Zwischen uns läuft's grundsätzlich super, wir haben viele gemeinsame Interessen und Träume und es ist eigentlich klar, dass wir uns eine gemeinsame Zukunft vorstellen können.
2020 hatte ich eine depressive Phase. Grund war ein Mix aus dem Druck, den ich mir selbst aufgrund vom Studiumsabschluss gemacht habe, hormonelles Ungleichgewicht und zu Teilen auch Corona und der damit verbundene eintönige Alltag im Home-Office.
In dieser Zeit habe ich mir Gedanken über unsere Beziehung gemacht und festgestellt, dass es mir enorm fehlt, mich meinem Freund emotional echt tief verbunden zu fühlen. Wir führen selten Gespräche über uns, unser Wohlbefinden, unsere Beziehung oder was wir uns wünschen.
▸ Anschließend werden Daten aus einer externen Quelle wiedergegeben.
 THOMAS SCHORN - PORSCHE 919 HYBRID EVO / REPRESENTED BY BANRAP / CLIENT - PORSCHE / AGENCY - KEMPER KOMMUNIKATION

In der Folge ist auch unser Sexleben sehr geschrumpft, was mir persönlich aufgrund fehlender Lust wenig ausmacht. Ich weiss aber, dass das nicht mein Normalzustand ist. In vergangenen Beziehungen war auch ich nie der sehr emotionale Typ, es kostet mich auch heute noch viel Überwindung, solche Themen anzusprechen.
Mein Freund ist auf eine gewisse Art ein komplett unemotionaler Mensch. Nicht auf eine asoziale Art, er hat einen intakten, tollen Freundeskreis und ist ein fürsorglicher, herzensguter Mensch.
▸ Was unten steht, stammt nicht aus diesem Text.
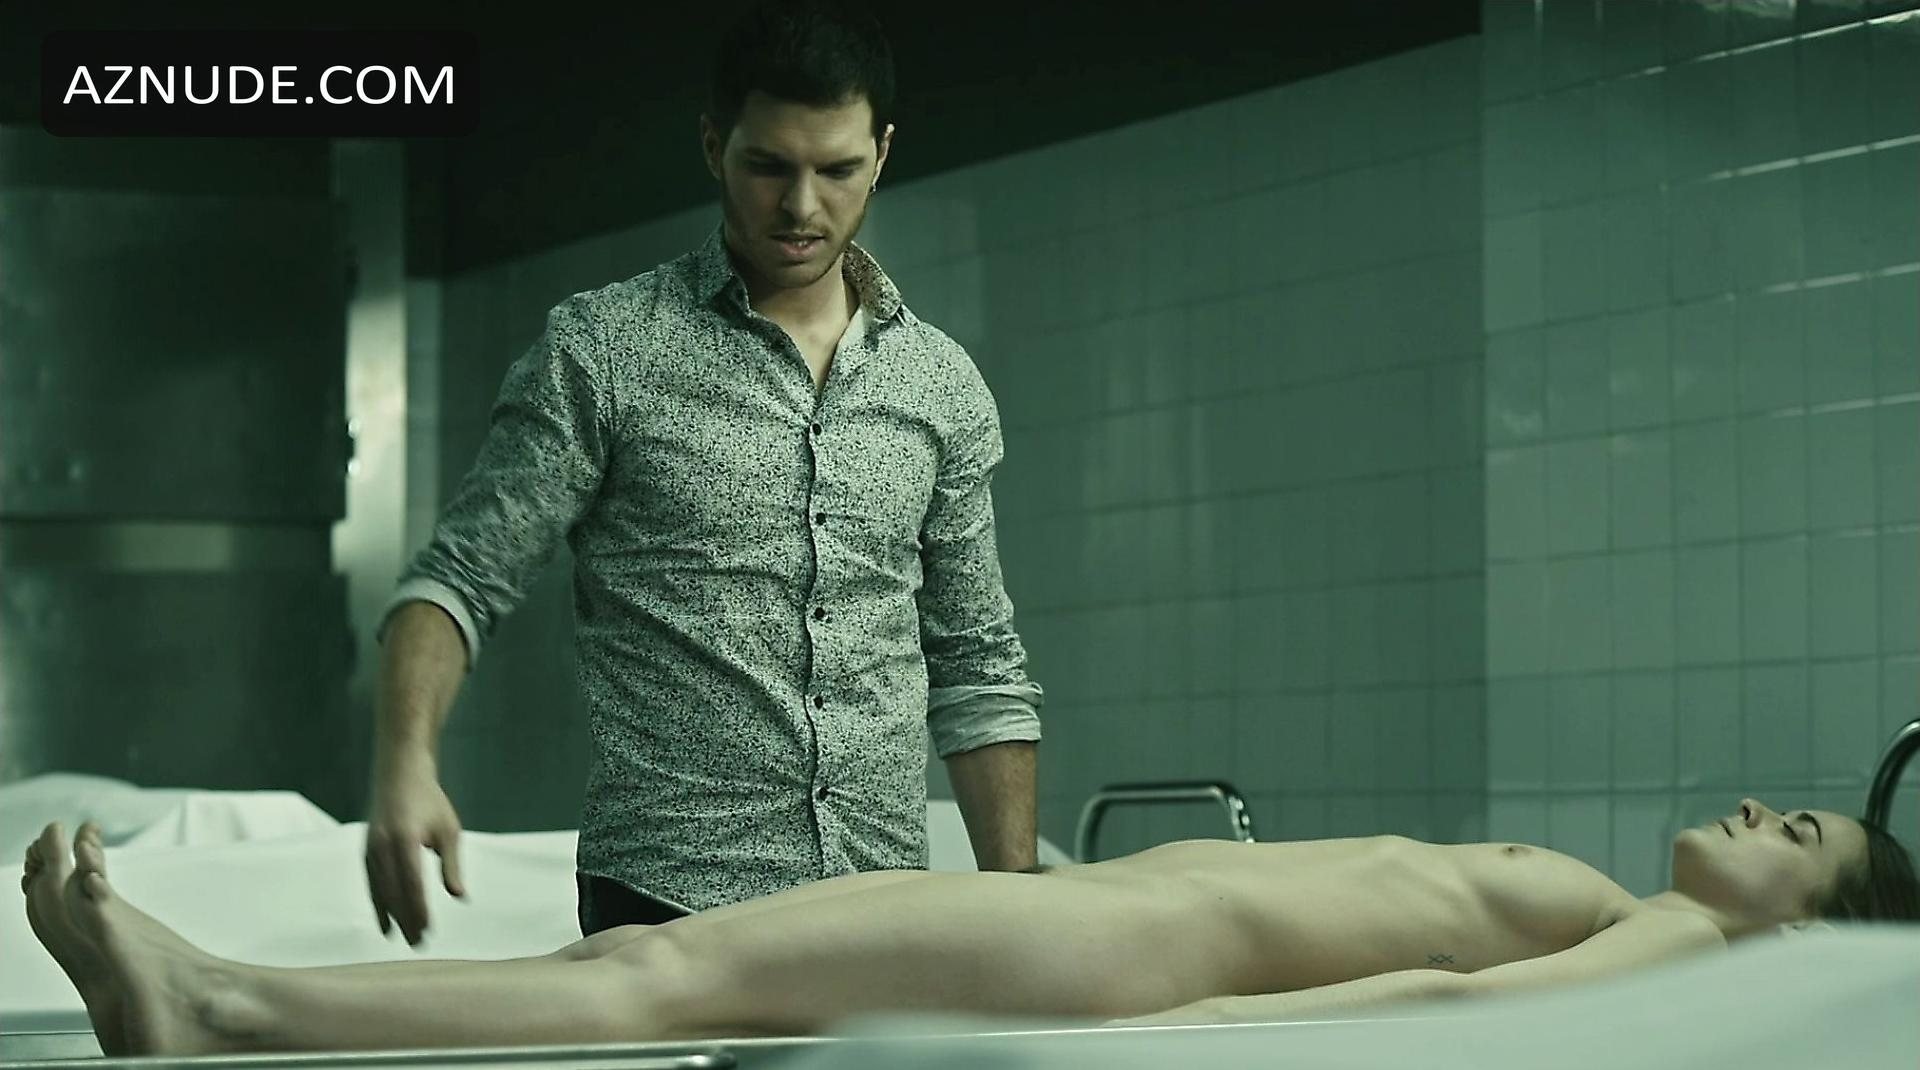 Alba ribas nude sex scene in diario de una ninfomana movie 6

Als wir neulich Pärchen in unserem Umfeld durchgegangen sind, ist uns aufgefallen, dass alle entweder Typ er (eher wenig emotional und wenig tiefgründige Beziehungen) oder Typ ich (Bedürfnis nach tiefgründigerer Connection) sind.
Ist das eine Kombination, die auf die Länge schlichtweg nicht funktioniert, ohne dass sich jemand krass verändern muss? Ich muss vielleicht noch anfügen, dass ich 23 war, als wir zusammengekommen sind und mir selbst meine Vorstellung einer Beziehung noch nicht gleich klar war, wie das heute der Fall ist.
Heute muss ich aber, wenn ich ehrlich zu mir selber bin, sagen, dass diese oberflächliche Art Beziehung für mich nicht stimmt. Was rätst du uns? Würde uns Unterstützung durch eine Therapeutin helfen?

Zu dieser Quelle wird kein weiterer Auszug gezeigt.